Unitarian Church of Vancouver (UCV) is the largest and oldest Unitarian congregation in British Columbia, Canada, established in 1909.

The church meets every Sunday morning in the building at 949 West 49th Avenue (at Oak) in Vancouver.

The church has many active groups and committees and also offers space to various organizations.

Beliefs 
Like most North American Unitarian congregations, the belief system is pluralistic and could be phrased as "spiritual but not religious" in the sense of required adherence to a particular creed. Rev.

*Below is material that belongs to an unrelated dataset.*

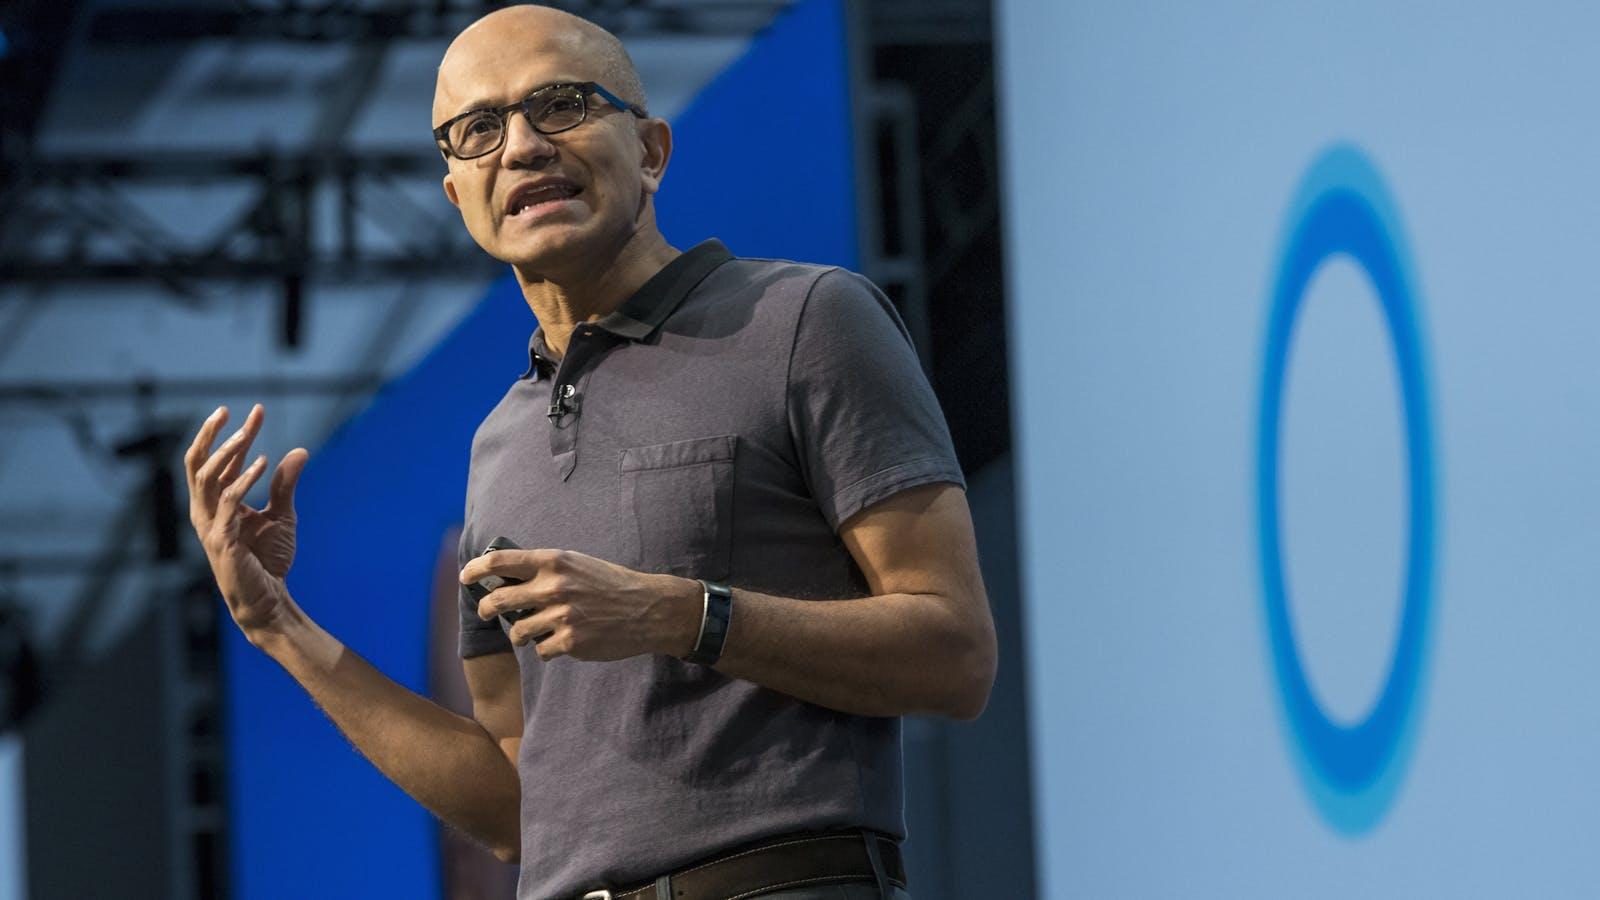 Satya Nadella. Photo by Bloomberg. Other executive photos by Microsoft.

Phillip Hewett was quoted in the Vancouver Courier saying, “The Unitarian movement has been set up to be based on personal spirituality, your own development, rather than adherence to a particular creed”.

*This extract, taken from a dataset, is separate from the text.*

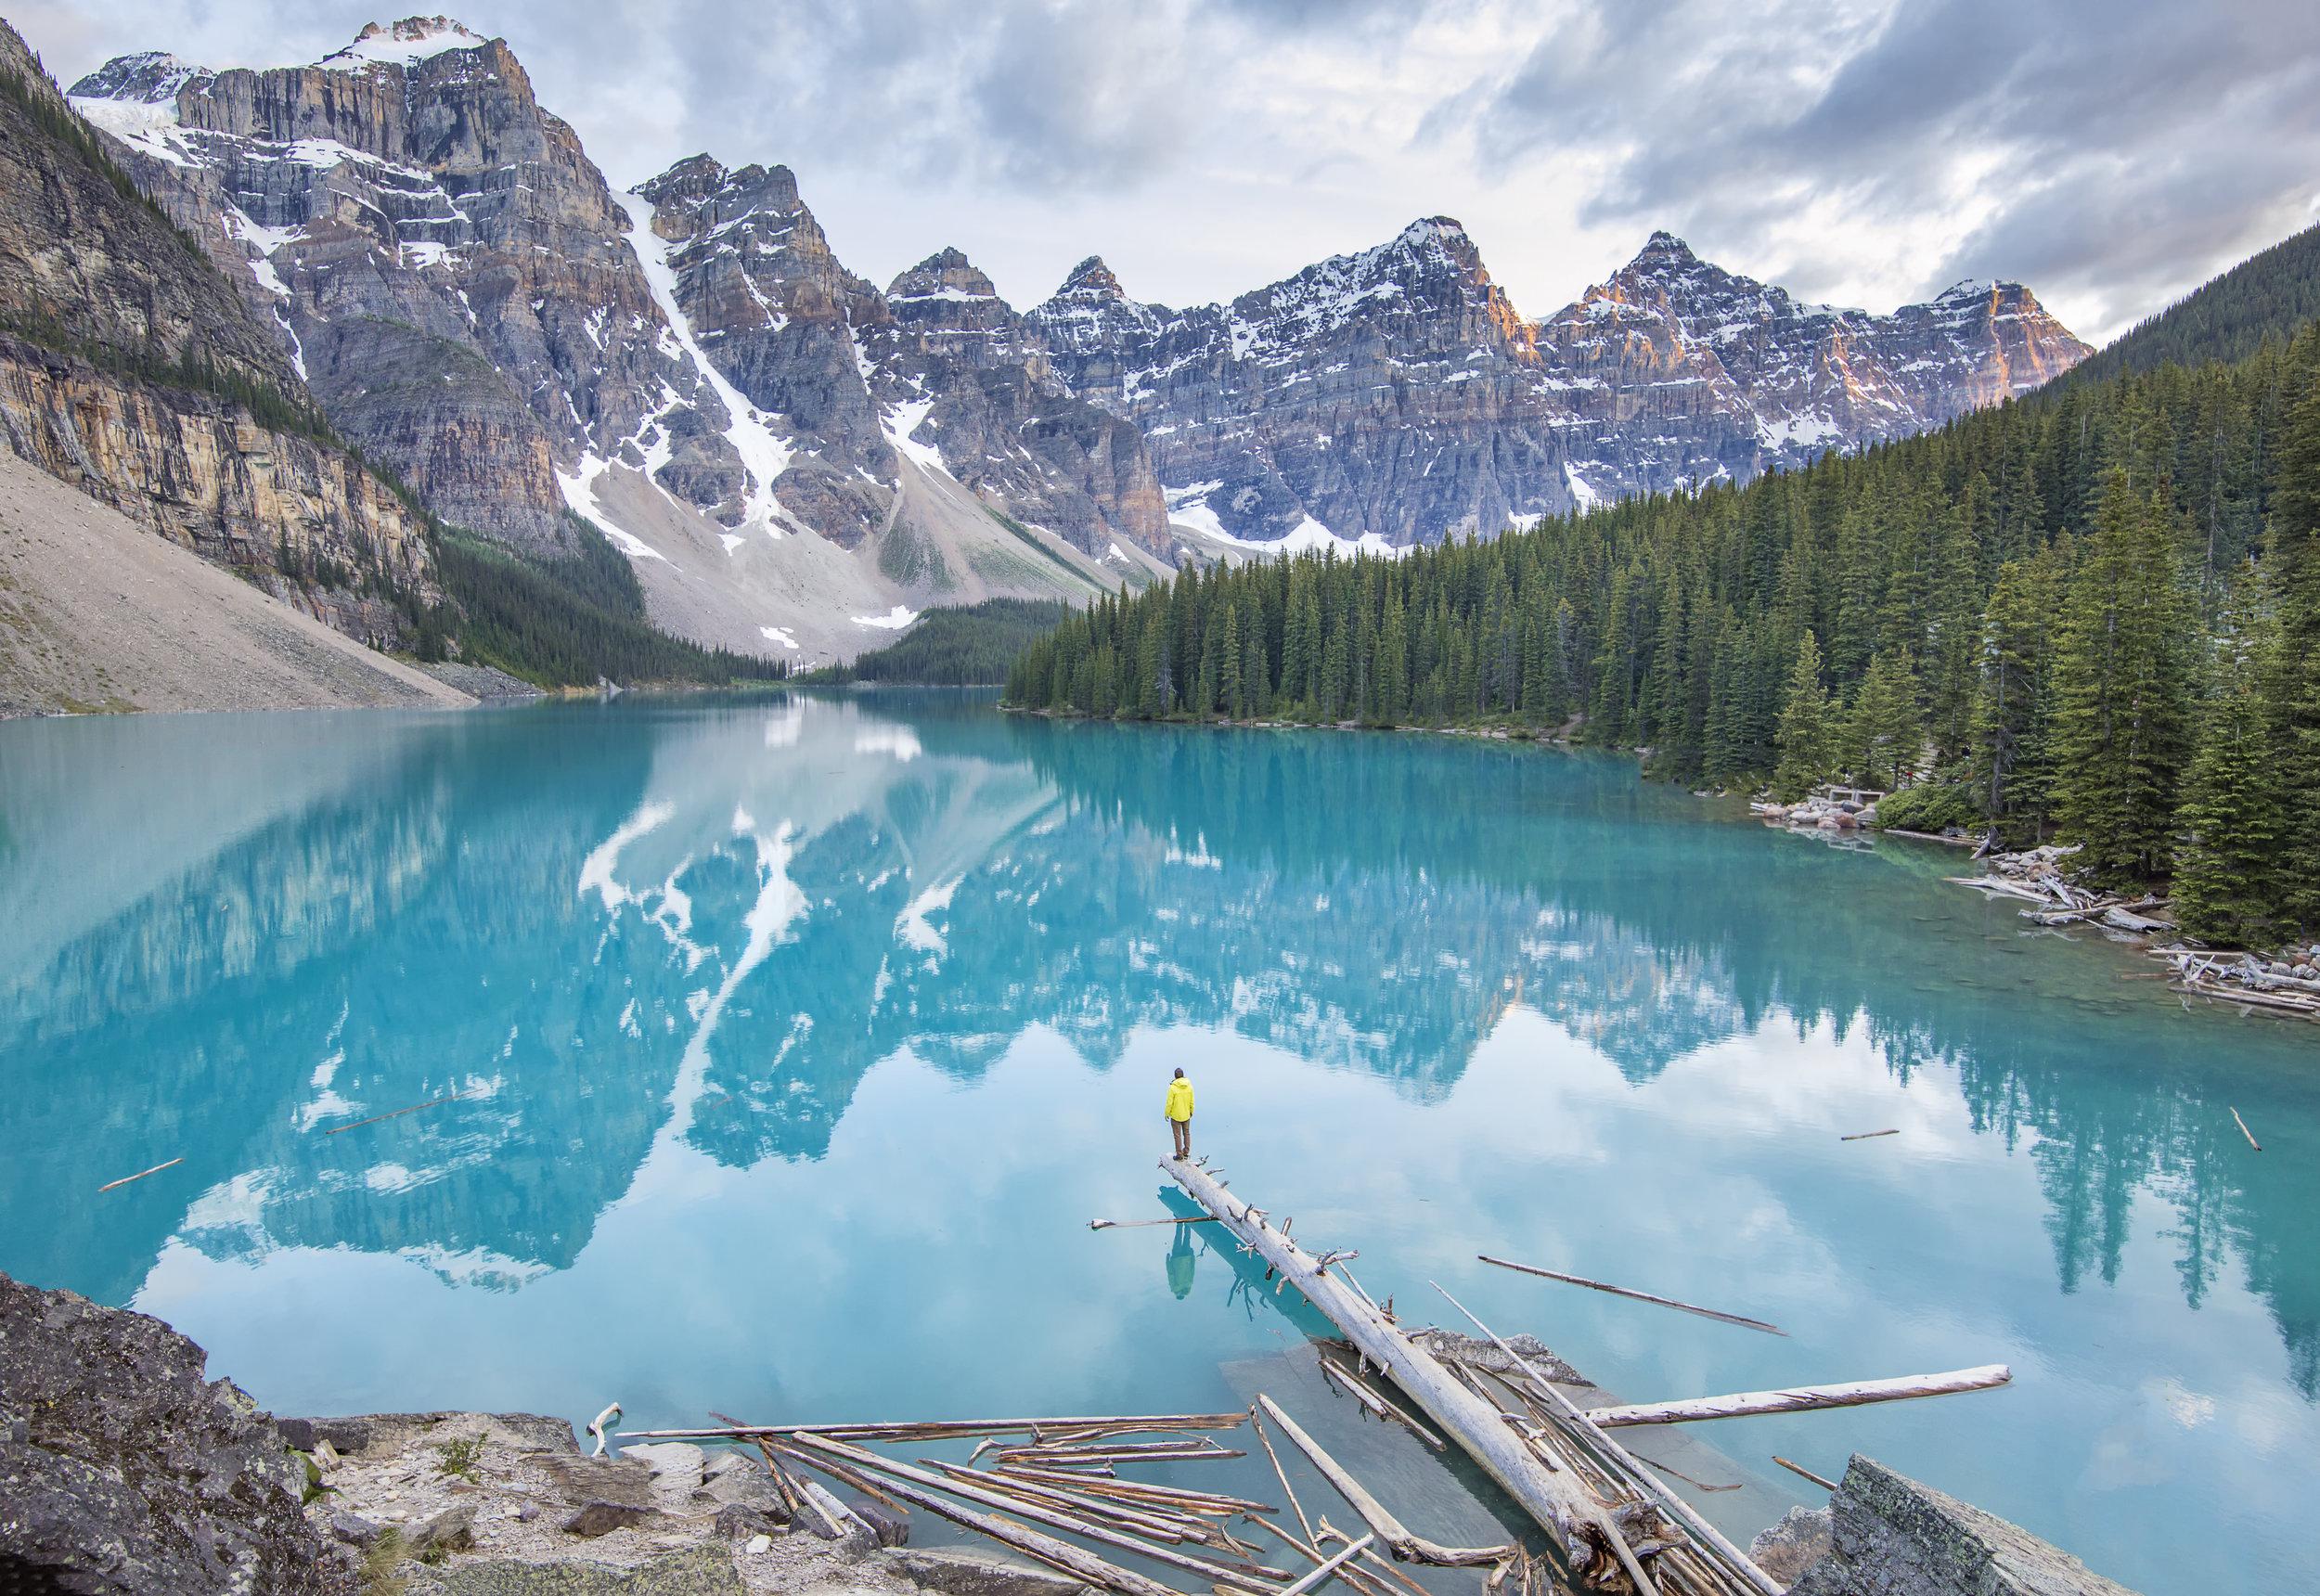 Morraine Lake, BC, Canada

Advocacy and social responsibility 
The congregation has active teams that work on social justice issues, including the environment, gender equality, racial justice and resettlement of refugees.

The Vancouver Unitarian congregation is particularly well known for its environmental advocacy. Some of the first meetings that led to the formation of Greenpeace were held on its campus. In 2012, the congregation divested Enbridge stock and encouraged members to do the same.

Architecture 
The campus was designed by member and architect, Wolfgang Gerson, and has won architectural awards. It was constructed in the 1960s.

UCV’s award-winning 1964 buildings, the sanctuary, Hewett Centre, and the office building, are noted for their "simplicity and serenity". In 1998 they were voted among the "most beautiful" in Vancouver by a panel of architectural experts.

The Fireside Room is noted for being an early meeting place of the Don't Make a Wave Committee, which later evolved into Greenpeace. It received a Places That Matter designation and plaque noting this history.

The site has two labyrinths on the property. One is a classical three-circuit square and the other a double-processional labyrinth in the garden on the west side.

Leadership 
The current transitional minister is Rev. Lara Cowtan. 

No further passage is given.